COV878: Special Module in Machine Learning

Instructor: Adarsh Barik
Credit: 1 (1-0-0)
Semester 1 (2025-2026)

COV878 is a 1-Credit Special Module in Machine Learning. This is a seminar-style course which explores the statistical foundations of machine learning, specifically in the finite sample regime. The primary objective is to rigorously analyze the performance of learning algorithms by examining their generalization ability, sample complexity, and convergence properties.

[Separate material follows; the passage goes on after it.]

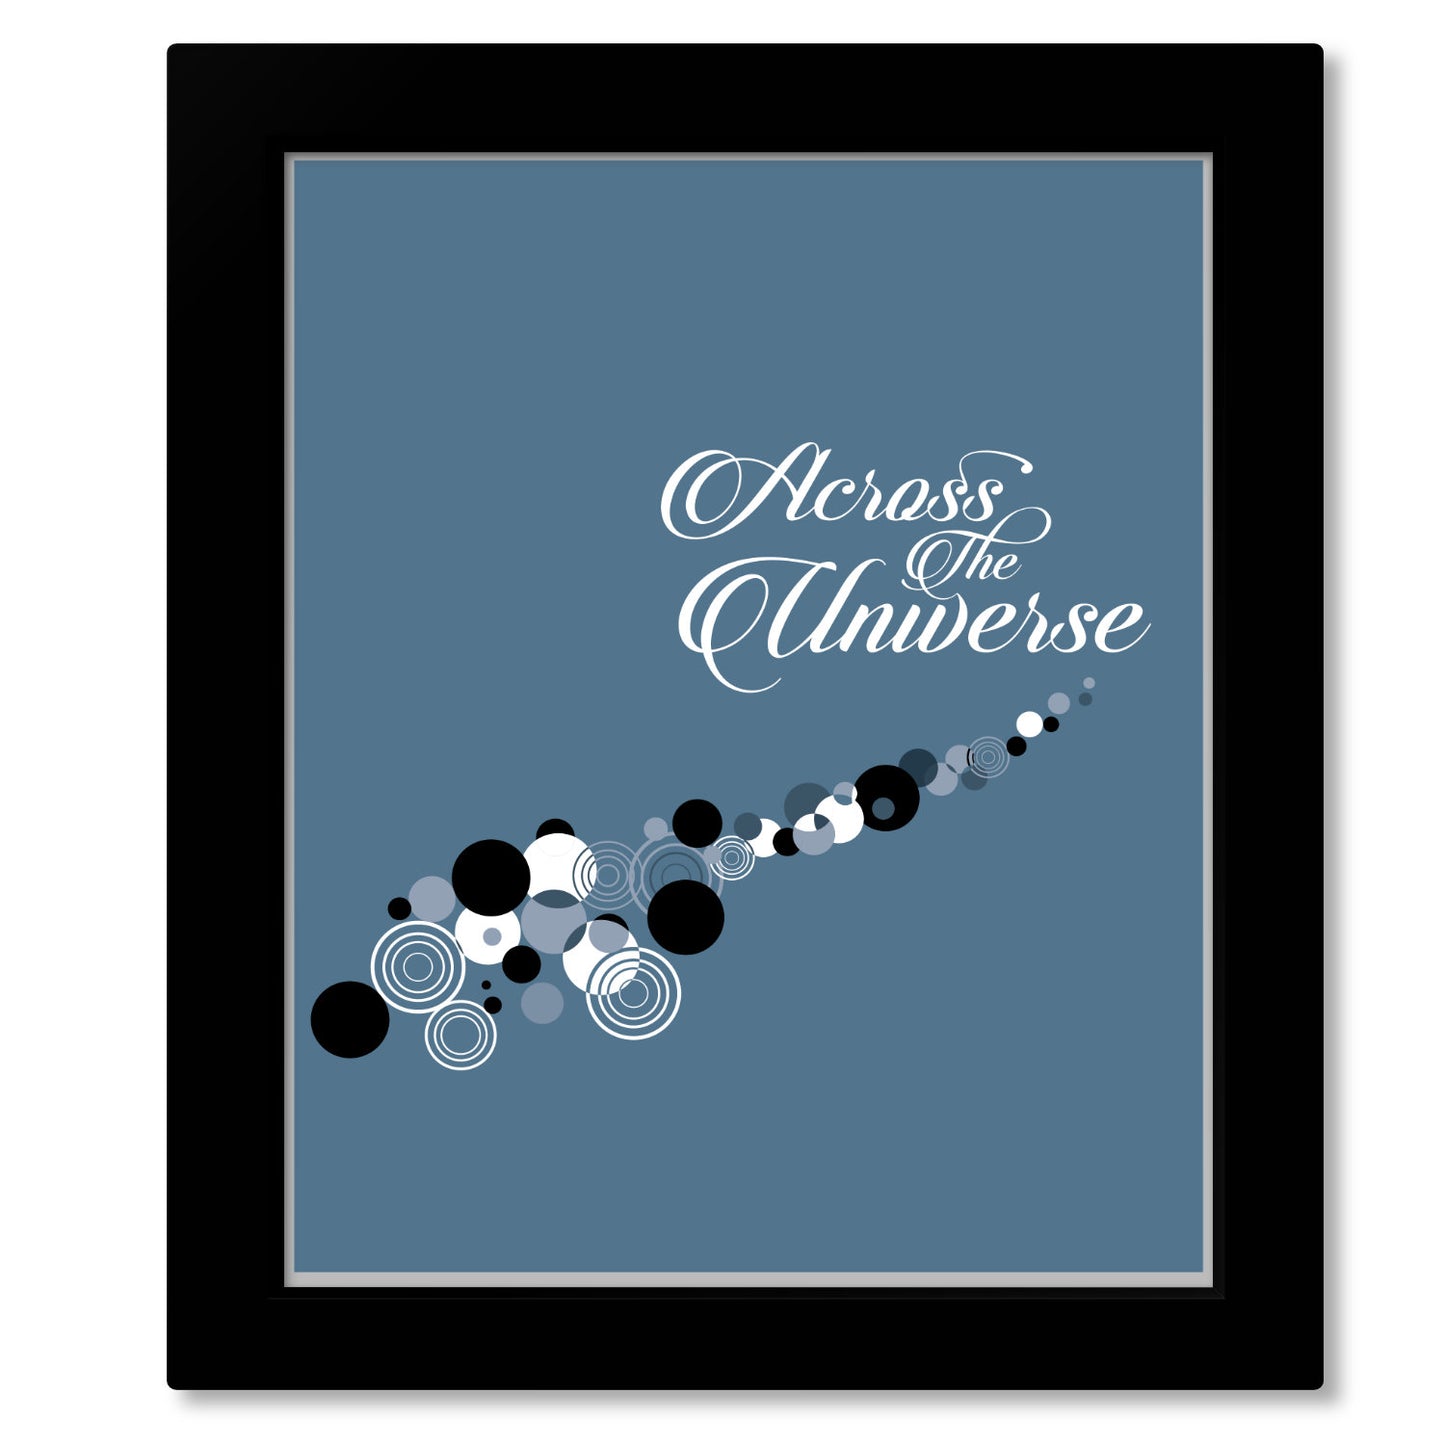 Across the Universe by the Beatles - Song Lyric Art Print
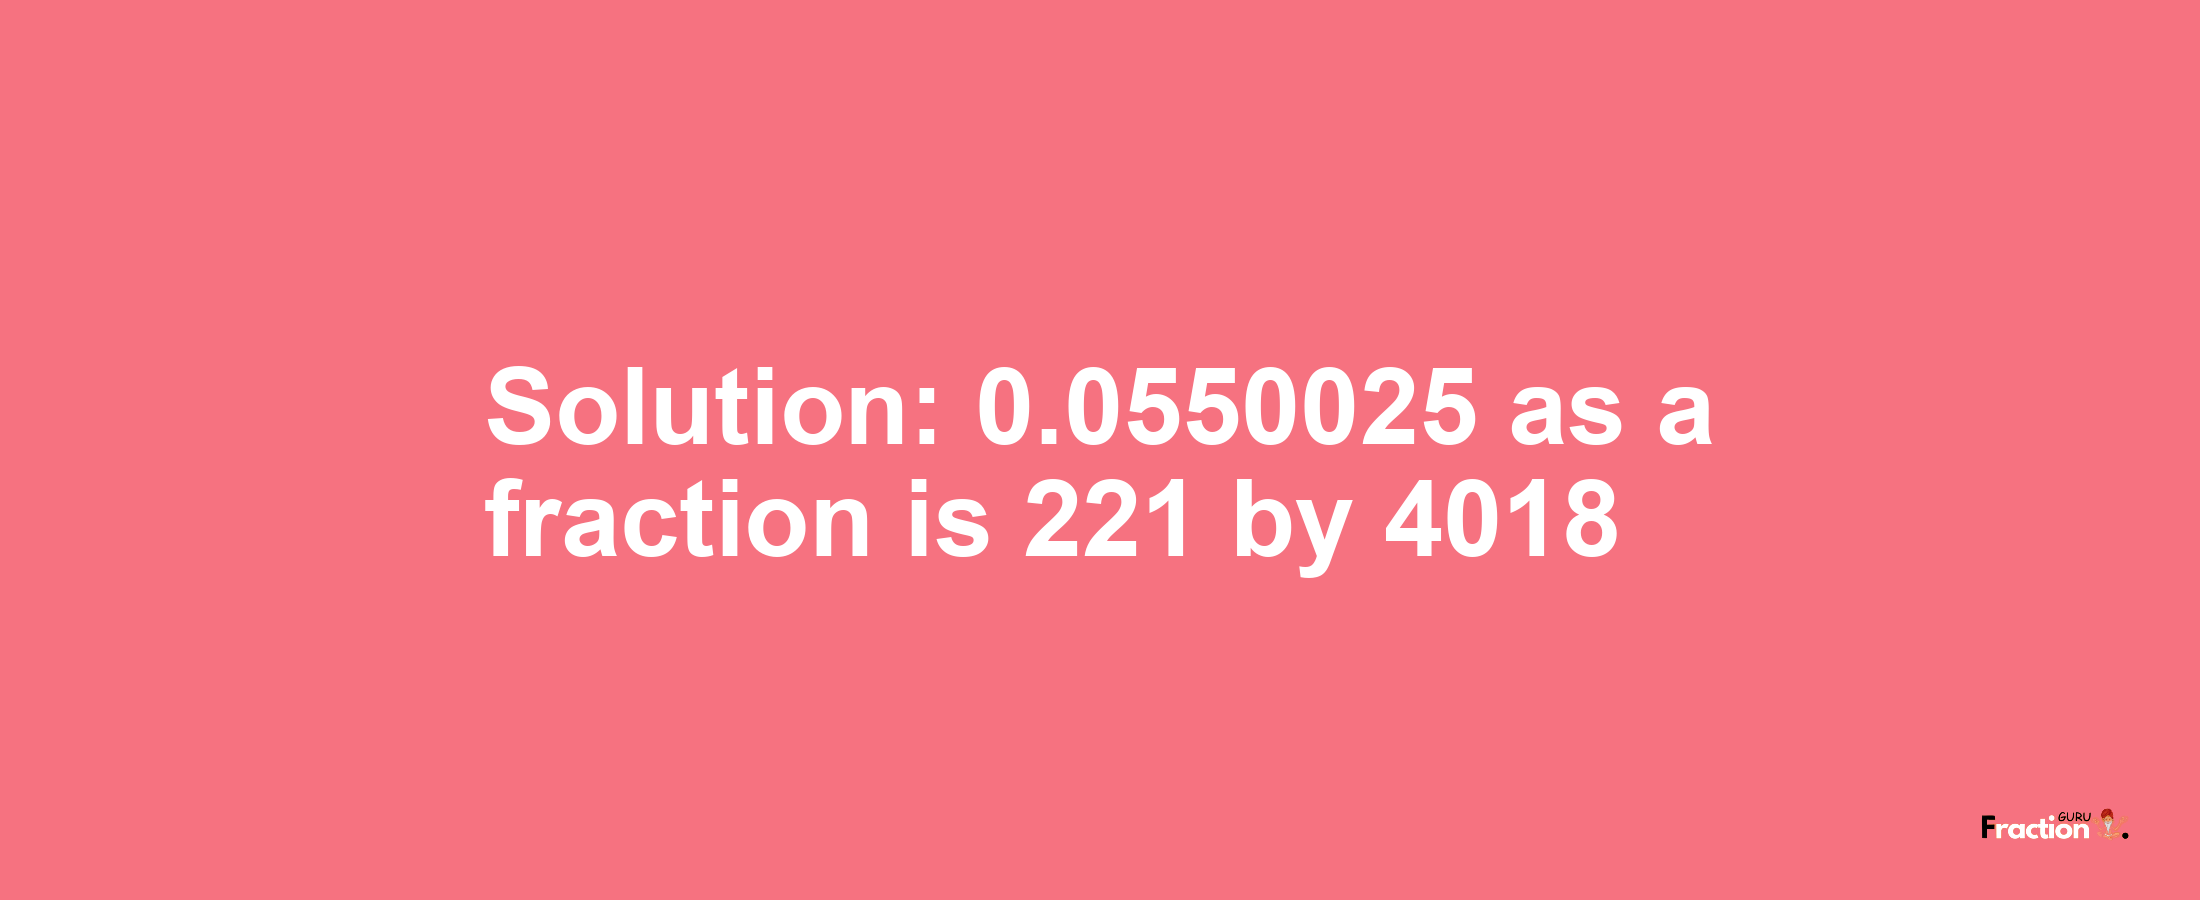 Solution:0.0550025 as a fraction is 221/4018

Who should take the course?

This course is intended for (post)graduate and advanced undergraduate students interested in the theoretical foundations of machine learning. PhD students specializing in machine learning are particularly encouraged to integrate the concepts learned here into their research. A basic level of mathematical maturity is expected; students with concerns about their background should consult the instructor.

Expected background

A basic understanding of probability theory, linear algebra, and calculus is required for this course. Prior experience or familiarity with machine learning is also beneficial, though not mandatory.

Learning outcomes

Upon completing this course, students will be familiar with key concepts and proof techniques from statistical learning theory, information theory, and optimization, enabling them to:

  1. Derive generalization bounds for learning problems

  2. Analyze the sample complexity of learning algorithms

  3. Understand convergence rates of learning algorithms

Content

This course will primarily focus on the non-asymptotic analysis of learning algorithms. Key topics include concentration bounds, empirical risk minimization, PAC-Bayes theory, Rademacher and Gaussian complexity measures, Karush-Kuhn-Tucker (KKT) conditions, primal-dual witness techniques, convergence rates, restricted strong convexity, and Fano’s inequality, among others.

Course plan

Grading

Scribe 20%
Paper summary report 20%
Presentation 40%
In-class participation 20%

Scribe

Paper Summary Report

Paper summary report will provide a summary of the paper. The report must include the following headers:

  1. Summary of the contributions

  2. Strengths

  3. Weaknesses

  4. Main results

  5. Challenges and technical innovations in the analysis

  6. Open questions

In-class participation

Collaboration and use of AI Tools

Lectures and Some Important Deadlines

Lecture Topic Remark
Lecture 1 Markov’s Inequality and Applications
Lecture 2 Hoeffding’s Inequality and Applications
Lecture 3 Fano’s Inequality and Applications
Lecture 4 (TBD)
Lecture 5 (TBD)
Lecture 6 (TBD)
Lecture 7 (TBD) Review paper – title and abstract due
Lecture 8 (TBD)
Lecture 9 (TBD)
Lecture 10 (TBD)
Lecture 11 (TBD)
Lecture 12 (TBD) Paper summary report due
Lecture 13 Final Presentation
Lecture 14 Final Presentation

Scribe is due within one week of the lecture date.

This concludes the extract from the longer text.